Olympics: Top five greatest athletes of all-time
These athletes have etched their names in the history books forever.
The Olympics have been a mega event for athletes to represent their country and culture by proving their credentials against the best in the world.
There is no platform bigger than the Olympics and every athlete dreams of playing in these games. Being a part of this mega event is priceless.
So, we at Khel Now take a trip down memory lane and list five superstar athletes from different disciplines who have achieved big success at the Olympic Games.
5. Usain Bolt (Jamaica)
One of the modern-day greats of track and field, Usain Bolt's arrival in world athletics was nothing short of a surprise. His gold medals in the 100m and 200m races at the Beijing Olympics are iconic, as he registered the world record time and thumped his chest even before crossing the line. That race echoed all over the world, announcing that the Jamaican has burst onto the scenes.

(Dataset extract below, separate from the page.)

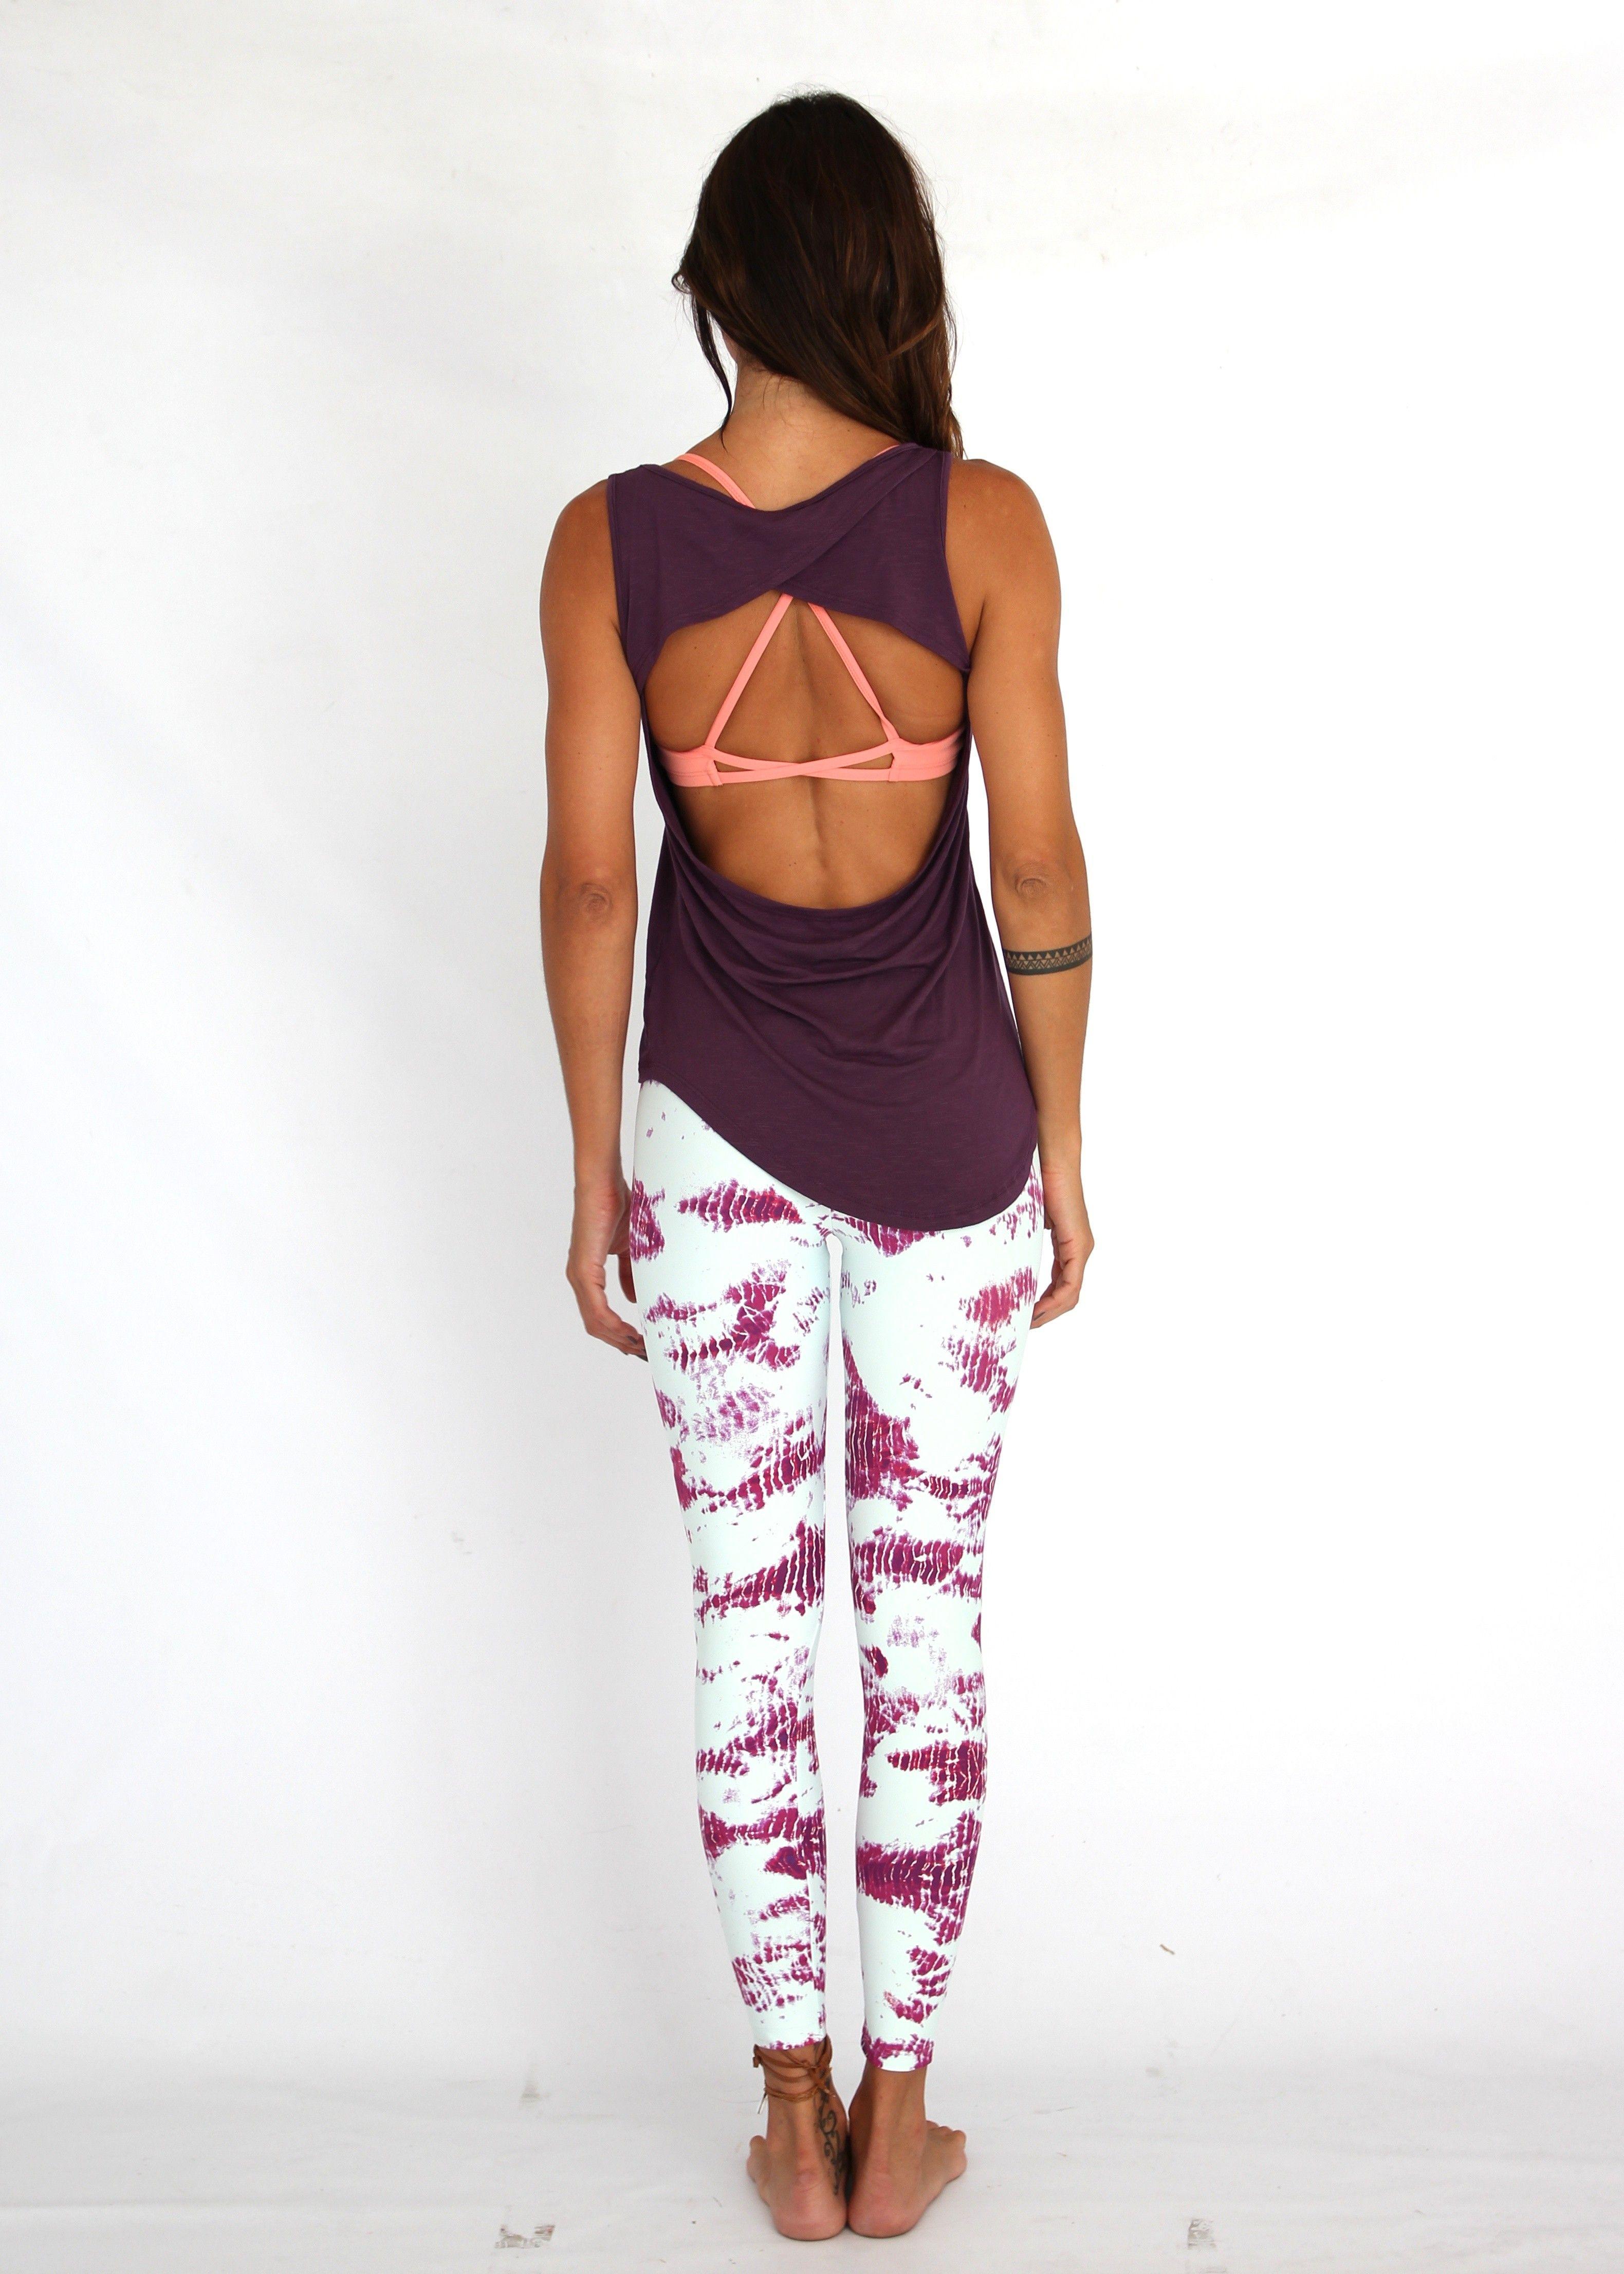 dc28fc5929932 Lean On Me Tank by Tiffany Cruikshank - Wine Workout Clothes for Women |  SHOP @ FitnessApparelExpress.com

He then went on to win gold medals in 100m, 200m and 4x100m at the 2012 London Olympic Games and also repeated the same feat at Rio de Janeiro in 2016. However, the only regret of the Jamaican will be that his 4x100m gold at Beijing 2008 was taken away after teammate Nesta Carter tested positive for a banned substance.
That meant a legendary triple eluded him, but a single medal cannot define the revolution that Bolt brought to track and field. He went up against some great sprinters and yet reigned supreme.
4. Carl Lewis (USA)
The American is considered as the greatest in track and field by many and with nine Olympics golds and ten medals overall, it is very much a valid claim.
The 1984 Olympics changed his career, as he won gold in the 100m, 200m, 4×100m relay and also in the long jump. He followed it with another top-class performance in 1988, defending his title in the 100m and also in the long jump.
In 1992, it was a little different, but for the third successive Olympic Games he defended his long jump crown and finally came back again in 1996 to clinch gold in that discipline for the fourth time. A sprinter turned long jump great, Carl Lewis once went unbeaten for more than a decade in 65 competitions.
3. Nikolai Adrianov (Soviet Union)
The Soviet Union gymnast came into the sport during an era when Japan had a stronghold on gymnastics and Adrianov was desperate to take their baton away. He made his Olympics debut in 1972, where he showcased his excellent upper body strength and bagged a silver and a bronze.
However, he announced himself properly four years later in 1976 in Montreal, where he won seven medals in total and gold in the floor exercises, rings and vault as well as the all-around title.
At Moscow 1980, he was again in great form and bagged gold in the vault and team competition. During his reign, he held the record of winning 15 medals in total, the most by a male athlete in the Olympics until he was overtaken by Michael Phelps.
2. Larisa Latynina (Soviet Union)
The flag-bearer of gymnastics in Russia, then known as the Soviet Union, Larisa Latynina is considered as the greatest of all-time in the sport. She alongside Borish Shaklin and Viktor Chukarin dominated the discipline and ensured that the Soviet Union was considered a dominant force in gymnastics during their era.
When she was only 21, she bagged four gold medals at the 1956 Melbourne Olympics. She added three more golds to her tally at Rome 1960. She became the most successful Olympic gymnast by adding two more golds at Tokyo 1964. No other Olympian had beaten the record of 18 medals throughout their career until Phelps dethroned her.
1. Michael Phelps (USA)
The American swimmer participated in four Olympics, starting from Athens in 2004 to Rio 2016. His best outing was at Beijing 2008, where he broke the record of compatriot Mark Spitz by bagging eight gold medals at a single Olympic Games.
Of his 23 golds, 13 were in individual events, with the other 10 in relays. The 200m medley was always a special event for Phelps, as he won gold in each of the four Olympics.
Honourable Mentions: Paavo Nurmi, Mark Spitz, Birgit Fischer and Sawao Kato.